Tales of supernatural beings consuming the blood or flesh of the living have been found in nearly every culture around the world for many centuries. The term vampire did not exist in ancient times. Blood drinking and similar activities were attributed to demons or spirits who would eat flesh and drink blood; even the devil was considered synonymous with the vampire. Almost every culture associates blood drinking with some kind of revenant or demon, or in some cases a deity. In India tales of vetālas, ghoulish beings that inhabit corpses, have been compiled in the Baitāl Pacīsī; a prominent story in the Kathāsaritsāgara tells of King Vikramāditya and his nightly quests to capture an elusive one. Piśāca, the returned spirits of evil-doers or those who died insane, also bear vampiric attributes.

The Persians were one of the first civilizations to have tales of blood-drinking demons: creatures attempting to drink blood from men were depicted on excavated pottery shards. Ancient Babylonia and Assyria had tales of the mythical Lamashtu and lilu(or female lilitu), that gave rise to the figure of Lilith (לילית) and her children the lilin from Hebrew demonology. Lilith was considered a demon and was often depicted as a threat and strangler of babies, and estries, female shapeshifting, blood-drinking demons, were said to roam the night among the population, seeking infant victims. According to Sefer Hasidim, estries were creatures created in the twilight hours before God rested. An injured estrie could be healed by eating bread and salt given to her by her attacker.

Greco-Roman mythology described the Empusae, the Lamia, the Mormo and the striges. Over time the first two terms became general words to describe witches and demons respectively. Empusa was the daughter of the goddess Hecate and was described as a demonic, bronze-footed creature. She feasted on blood by transforming into a young woman and seduced men as they slept before drinking their blood. The Lamia preyed on young children in their beds at night, sucking their blood, as did the or . Like the Lamia, the Roman striges feasted on children, but also preyed on adults. They were described as having the bodies of crows or birds in general, and fed on human flesh and blood.

In Turkic folklore, an ubır is a vampiric creature characterized by various regional depictions.
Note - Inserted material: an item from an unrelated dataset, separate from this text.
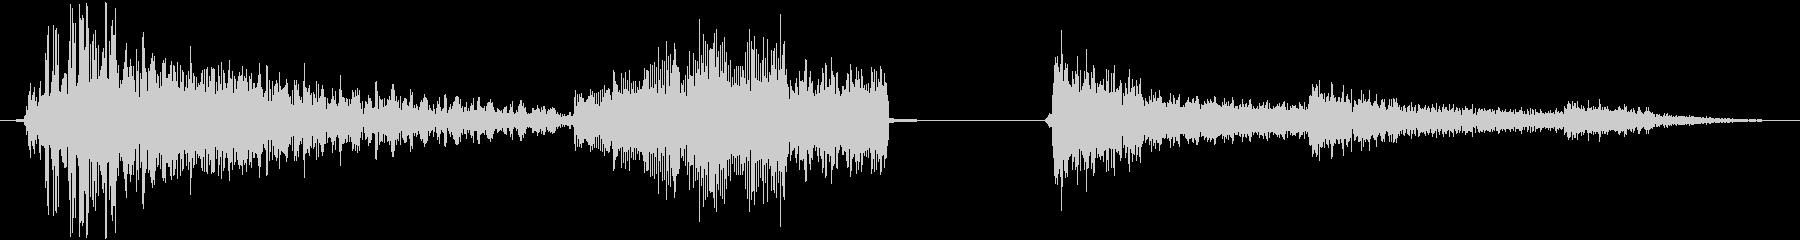 低技術ビープ音をバウンス中期ハイテ...の未再生の波形

According to legends, individuals heavily steeped in sin and practitioners of black magic transform into an ubır upon their death, taking on a bestial form within their graves. An ubır possesses the ability to shape-shift, assuming the forms of both humans and various animals. Furthermore, they can seize the soul of a living being and exert control over its body. Someone inhabited by a vampire constantly experiences hunger, becoming increasingly aggressive when unable to find sustenance, ultimately resorting to drinking human blood.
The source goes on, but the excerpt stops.